*Required work*.
Where a picture occurs in the data, omit it, and copy all remaining data exactly.

*Given information*.

- Opening Delimiter -

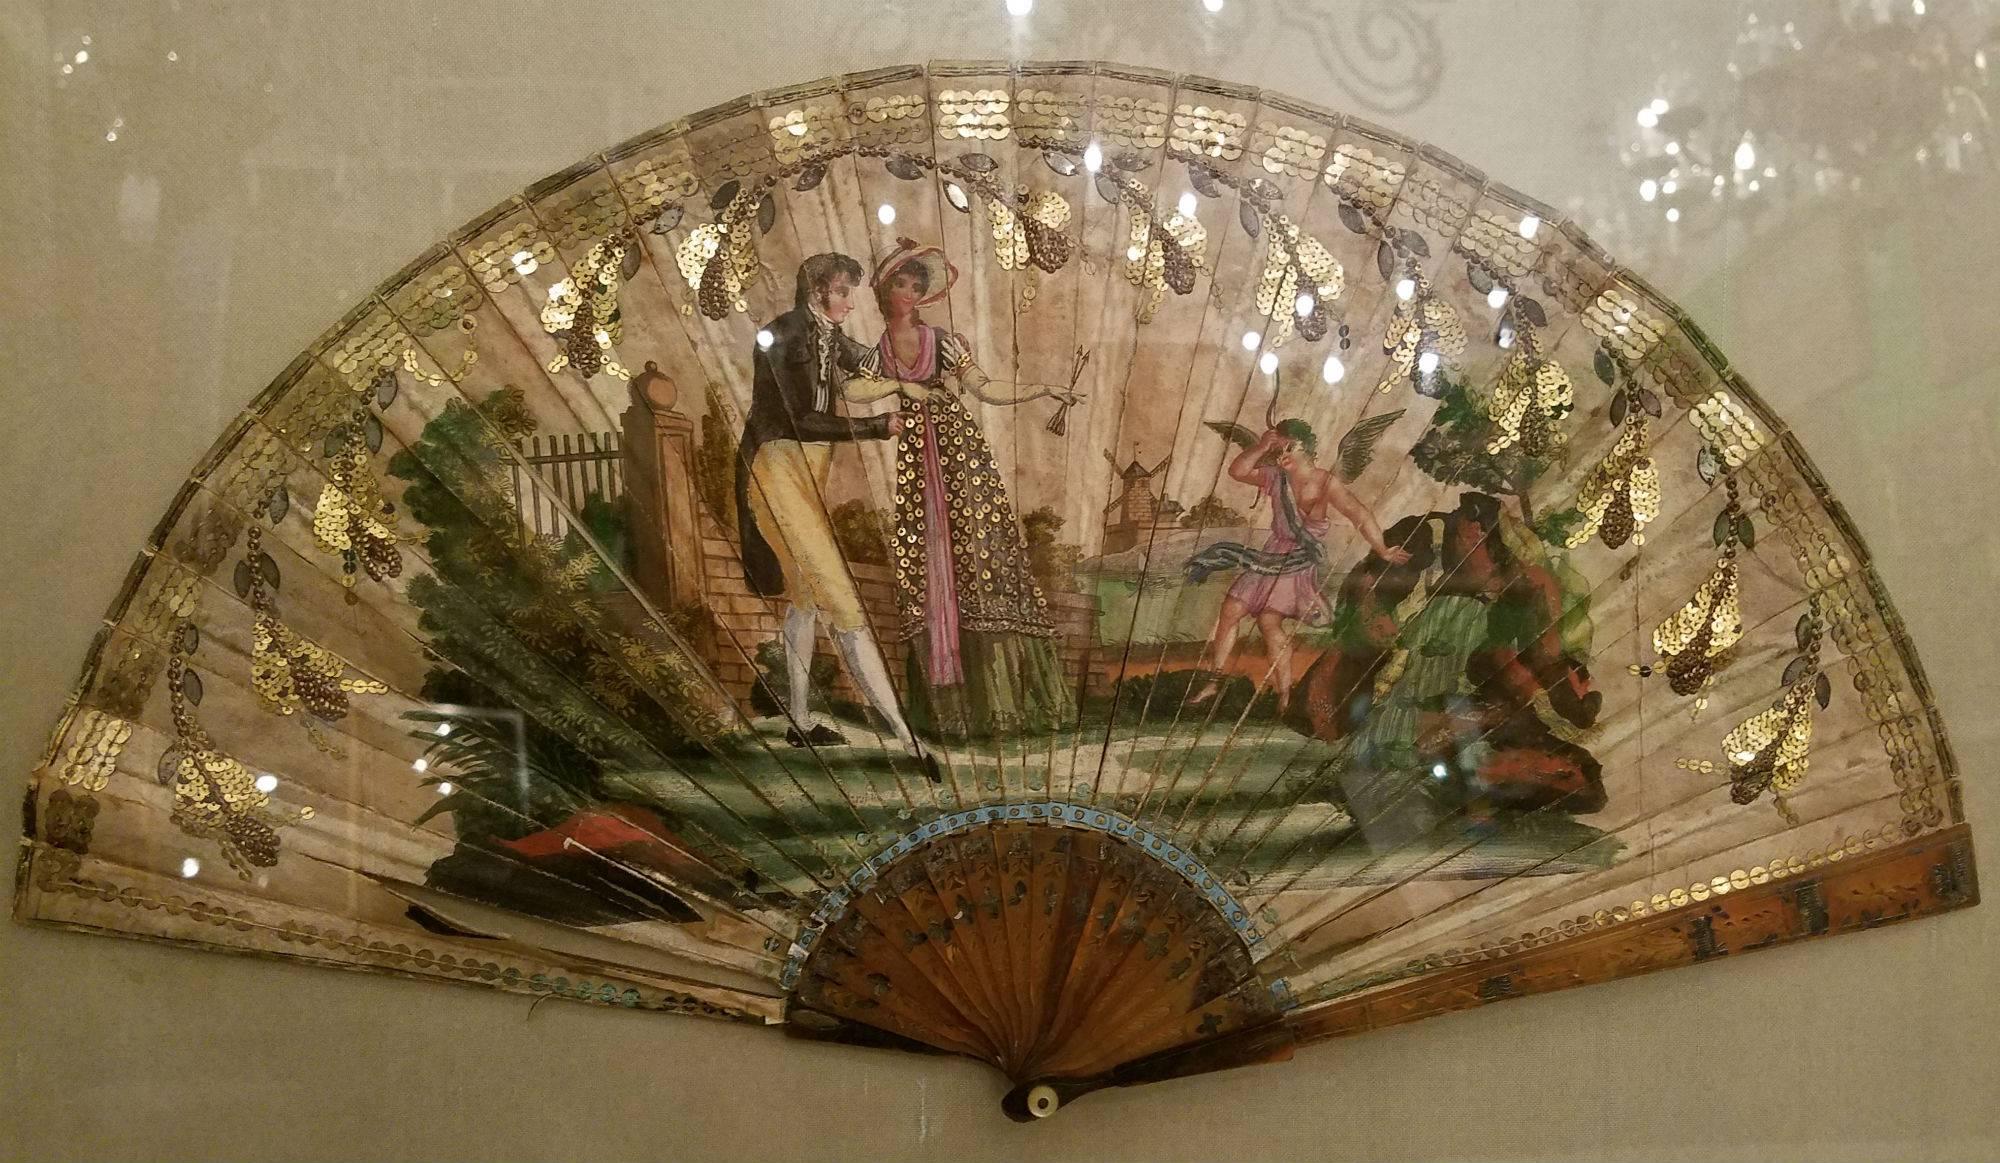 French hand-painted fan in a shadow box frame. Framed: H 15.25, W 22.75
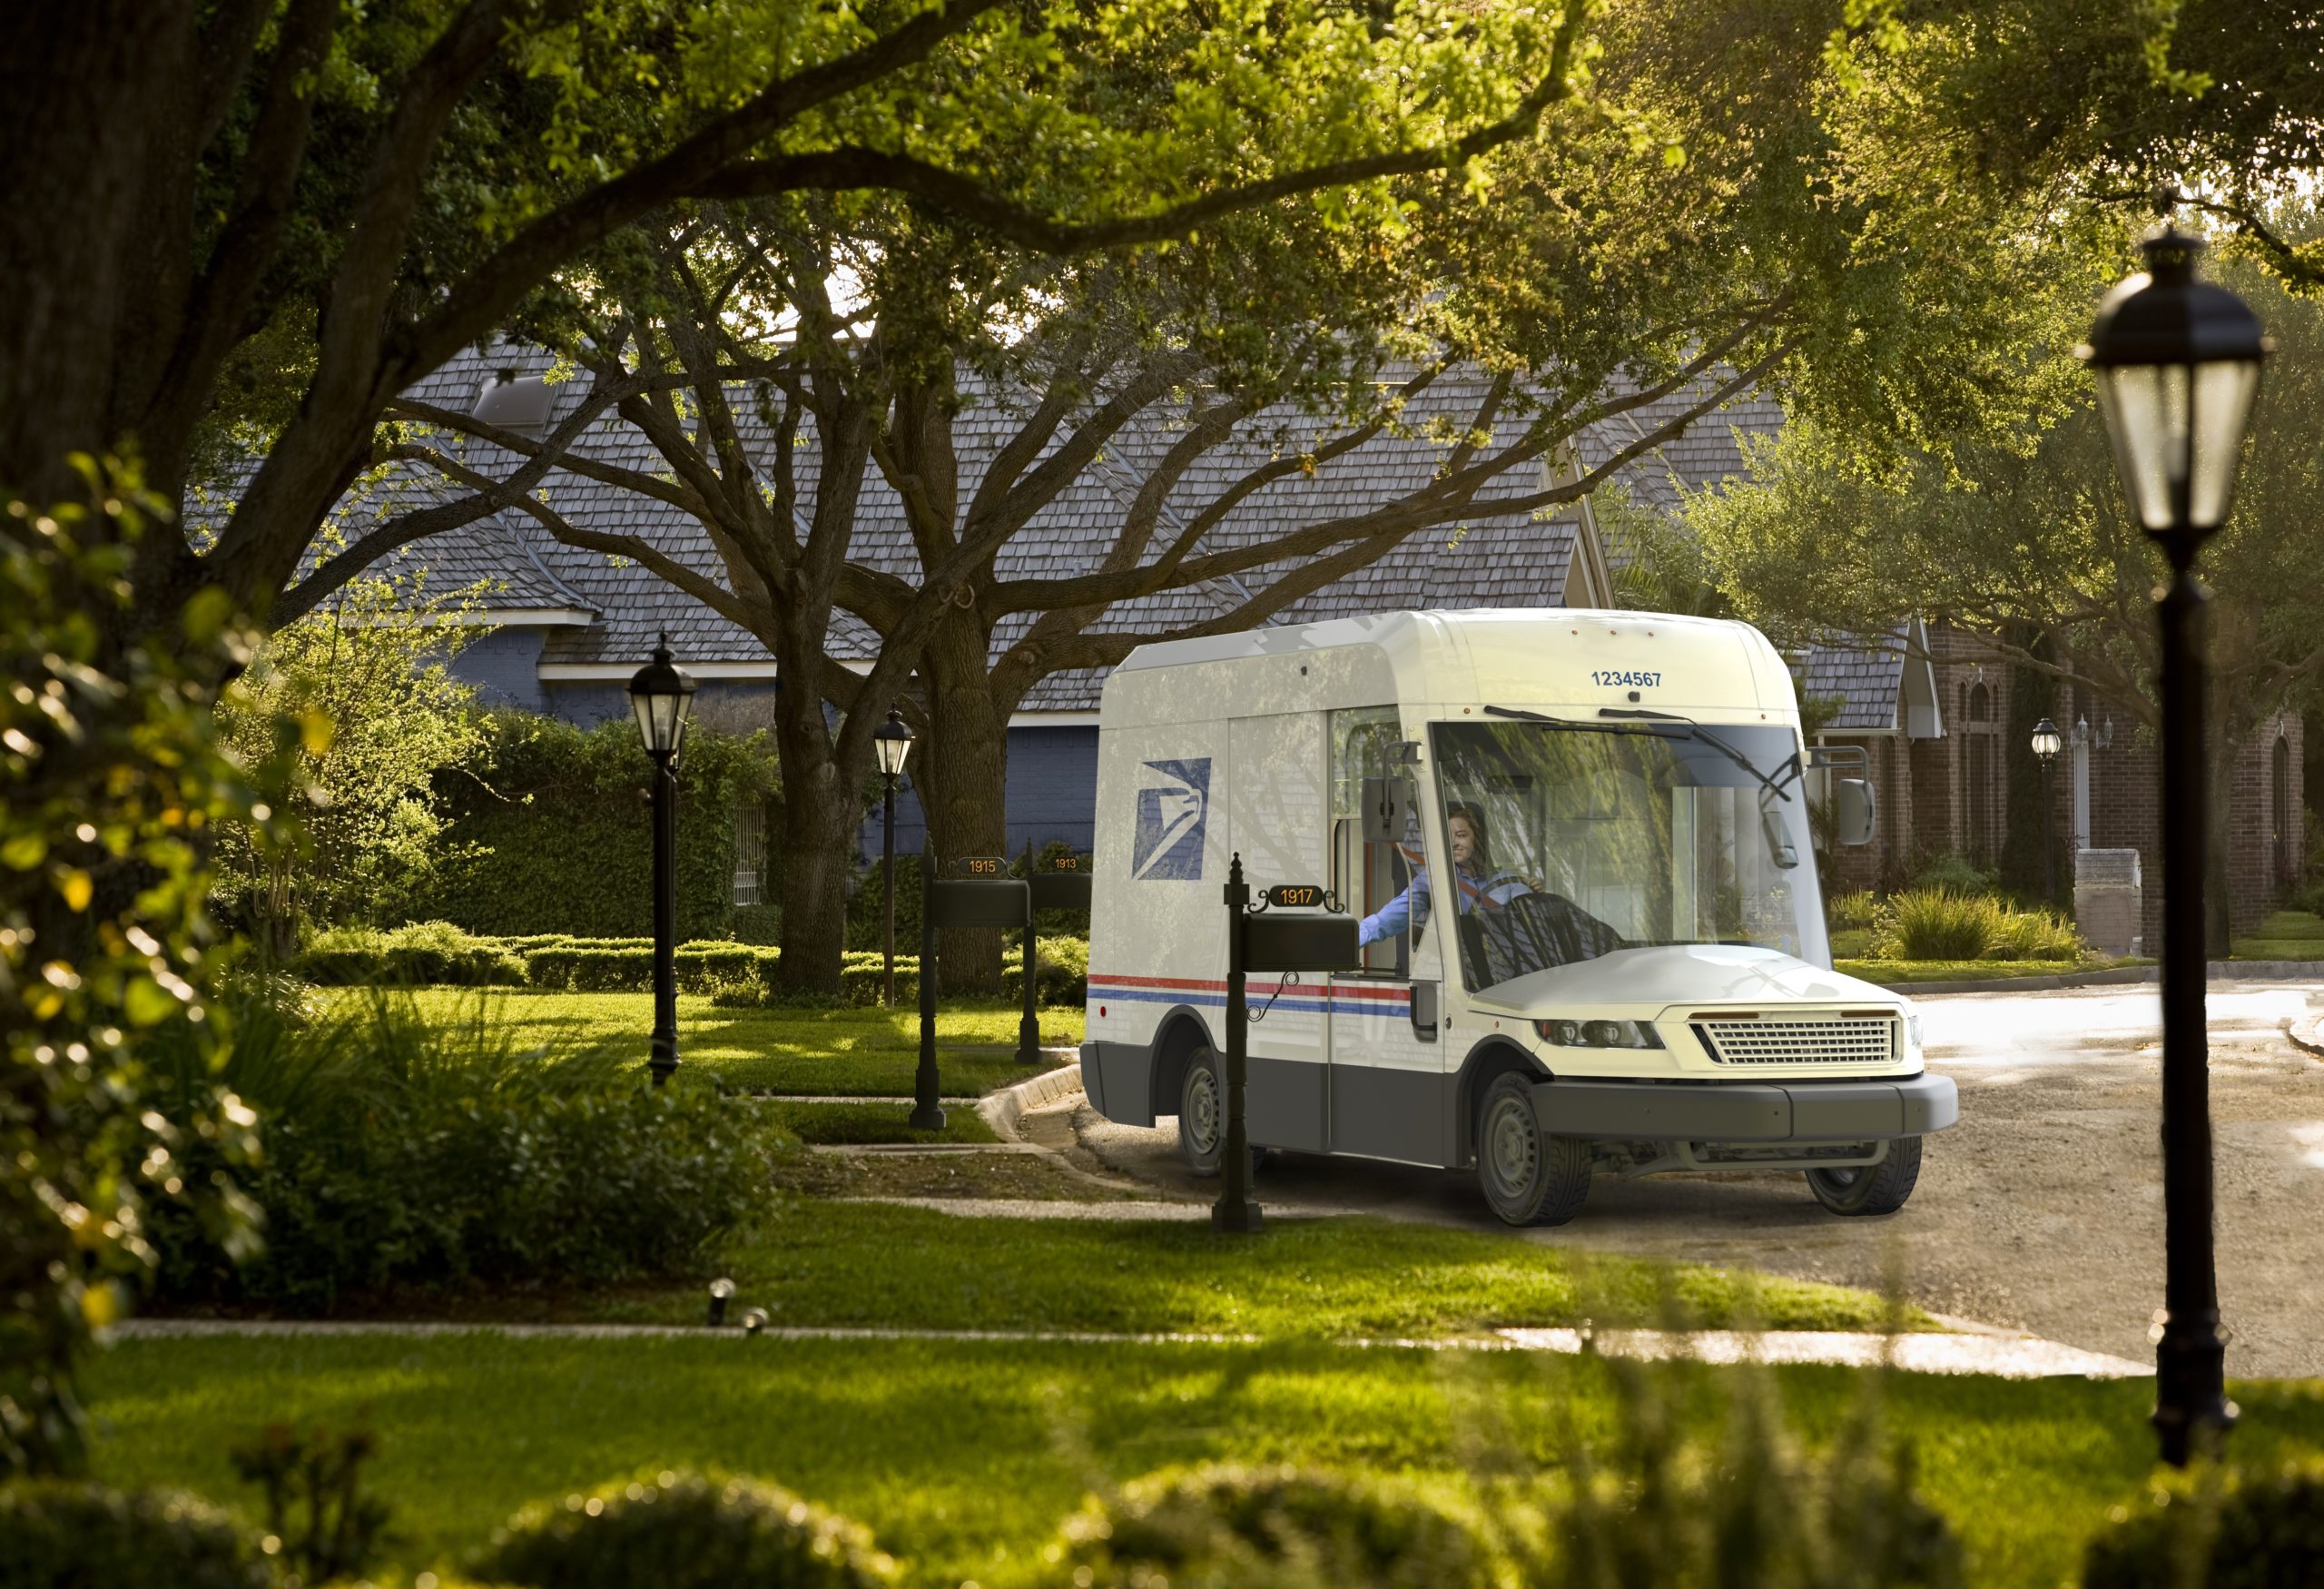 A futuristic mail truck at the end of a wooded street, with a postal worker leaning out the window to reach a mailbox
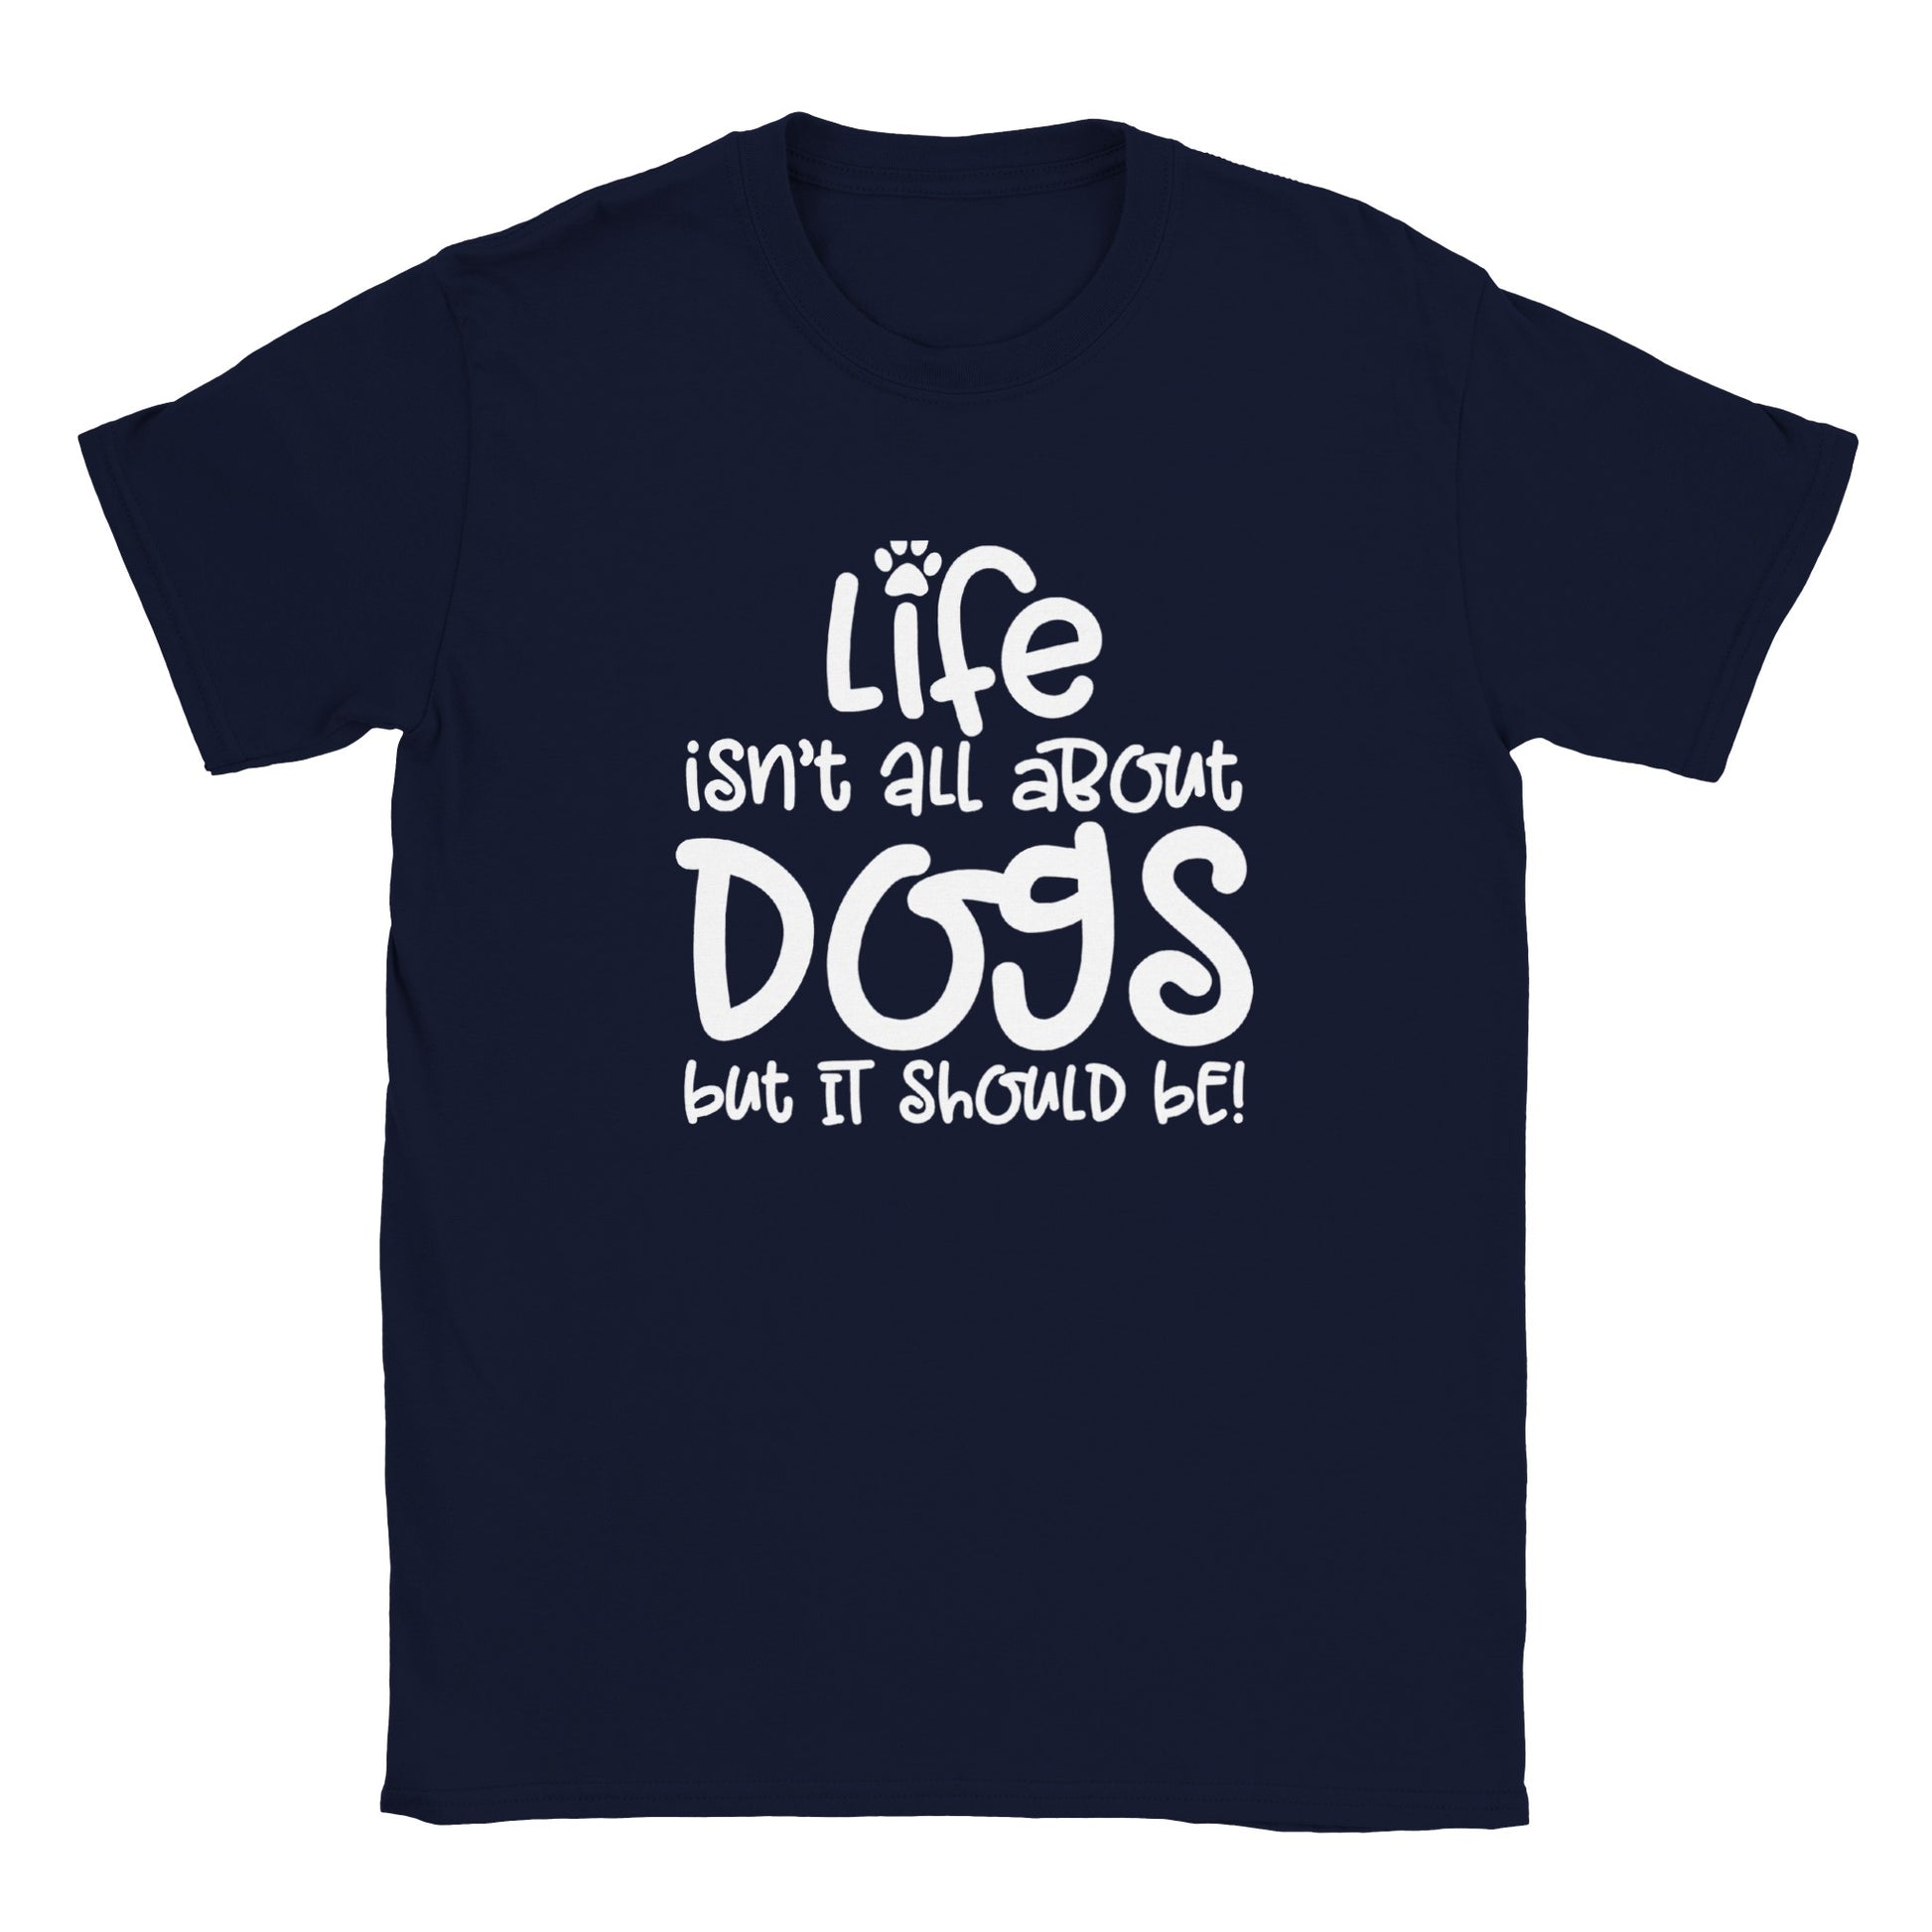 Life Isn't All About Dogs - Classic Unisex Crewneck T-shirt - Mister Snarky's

- Closing Delimiter -

*Written solution*.
 French hand-painted fan in a shadow box frame. Framed: H 15.25, W 22.75
 A futuristic mail truck at the end of a wooded street, with a postal worker leaning out the window to reach a mailbox
 Life Isn't All About Dogs - Classic Unisex Crewneck T-shirt - Mister Snarky's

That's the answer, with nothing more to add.